GOAL OF THE EXERCISE | Your task is to transcribe exactly, and only, the lines running from the one with "wordfence logo scaled" to the end of the listing below, inclusive, with every picture left out.

DATA PROVIDED |

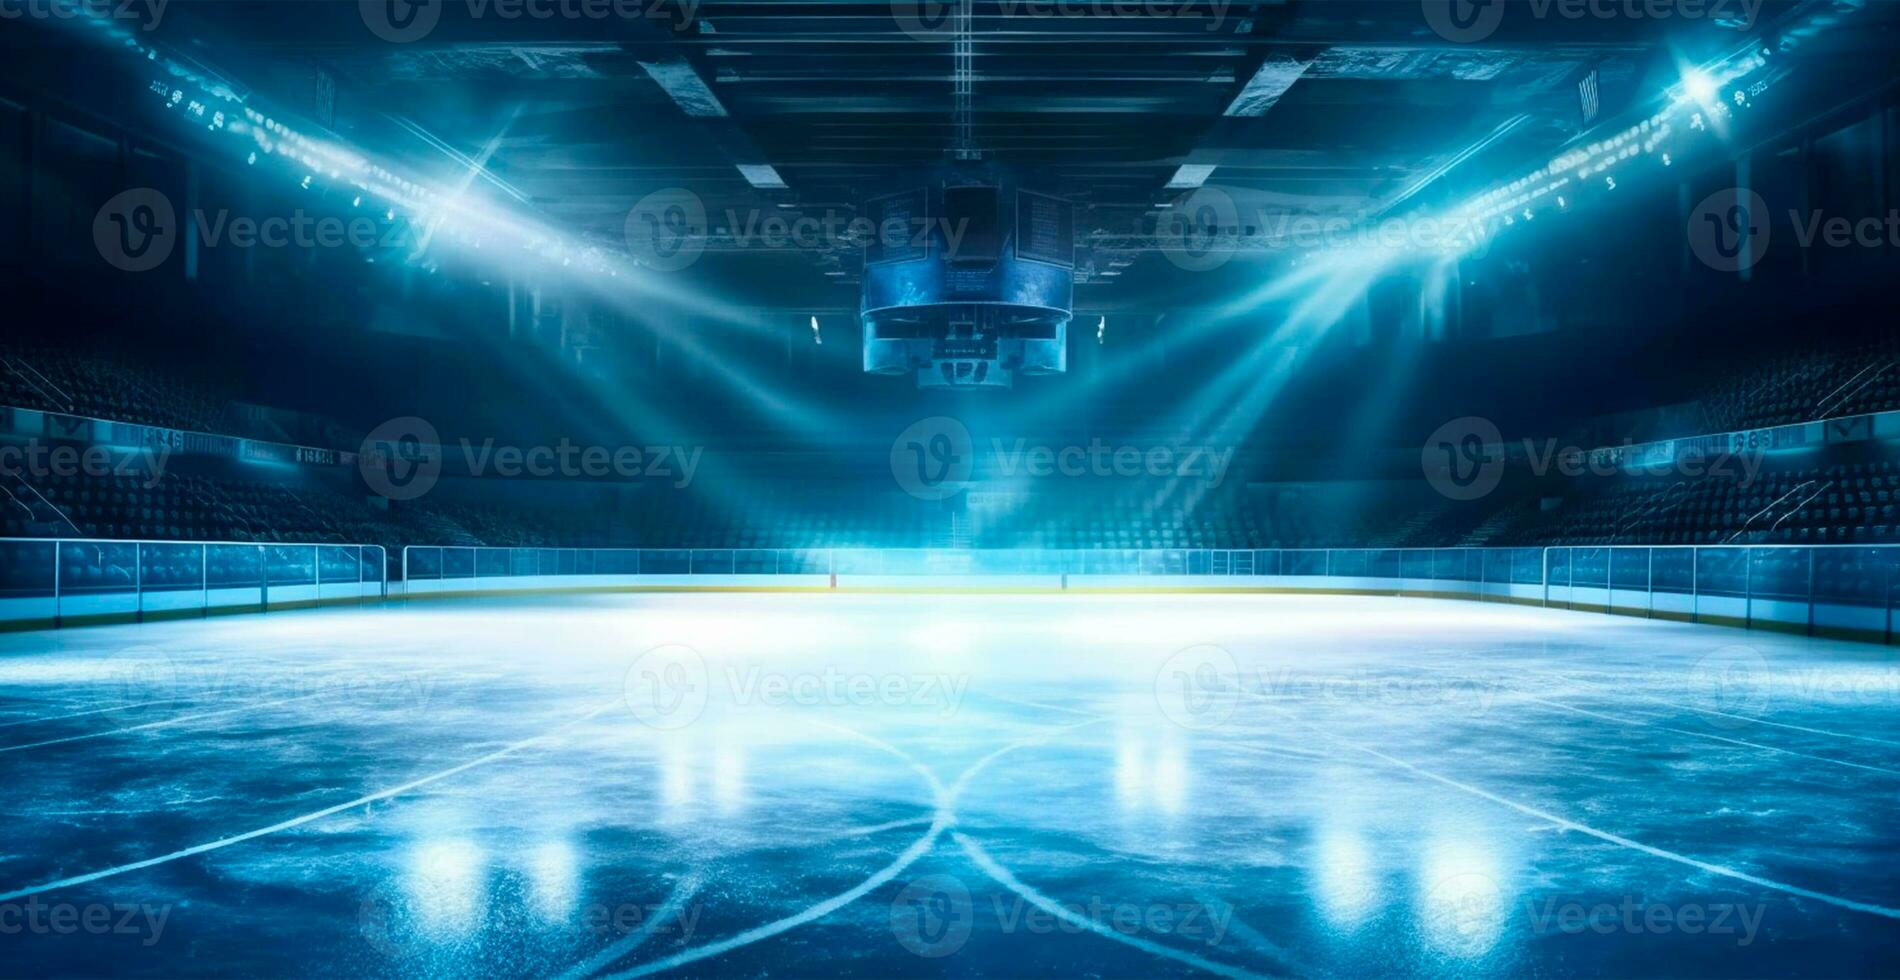 hockey stadio, vuoto gli sport arena con ghiaccio pista di pattinaggio, freddo sfondo con luminosa illuminazione - ai generato Immagine foto
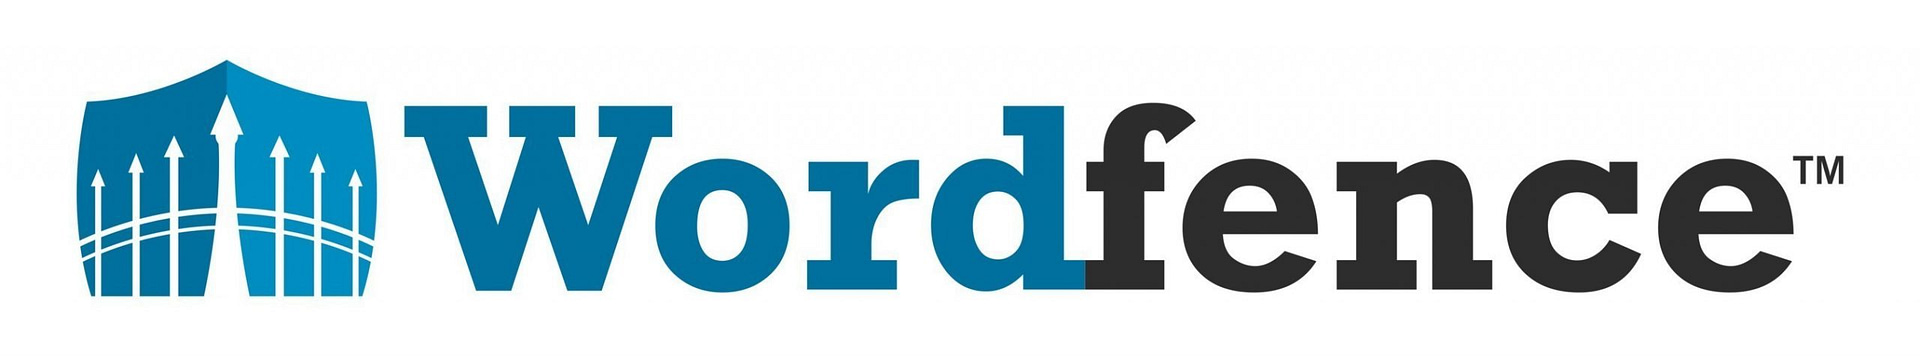 wordfence logo scaled
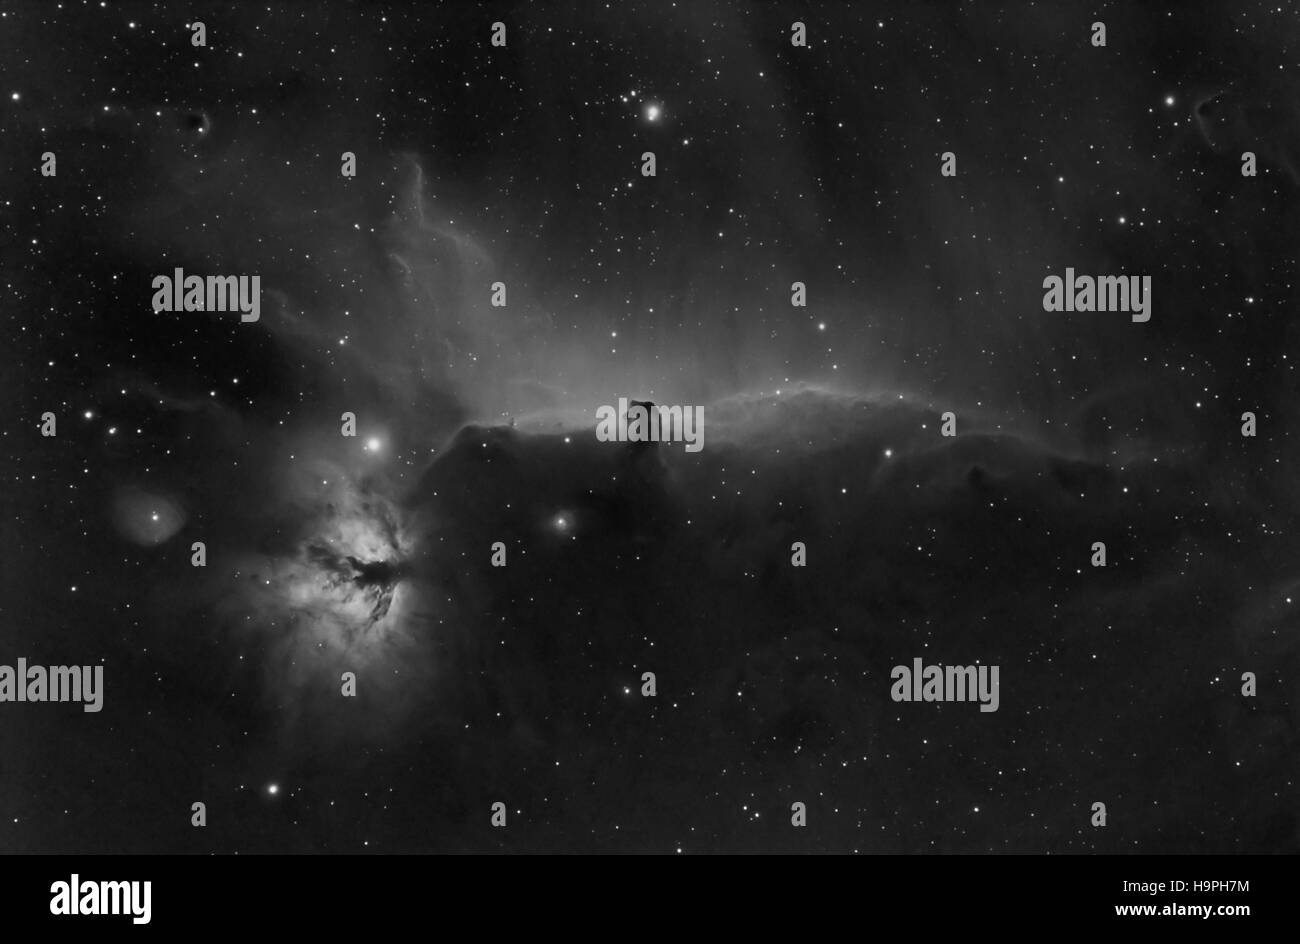 Pferdekopf und Flamme Nebel in Orion Konstellation, schwarz / weiß Foto der Pferdekopf-Nebel - mit speziellen Kamera aufgenommen Stockfoto
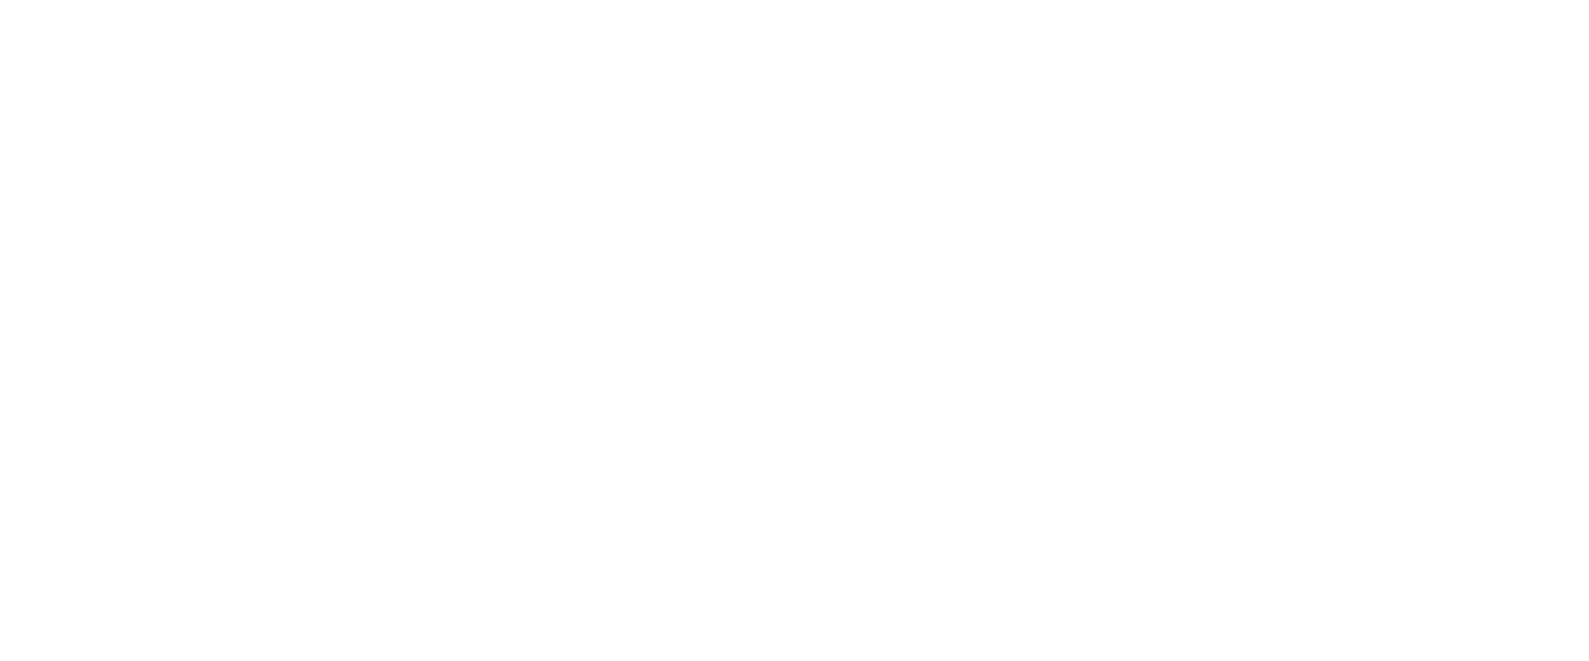 Power of Minus Nine

RESPONSE TO THIS TASK |
 wordfence logo scaled
 Pferdekopf und Flamme Nebel in Orion Konstellation, schwarz / weiß Foto der Pferdekopf-Nebel - mit speziellen Kamera aufgenommen Stockfoto
 Power of Minus Nine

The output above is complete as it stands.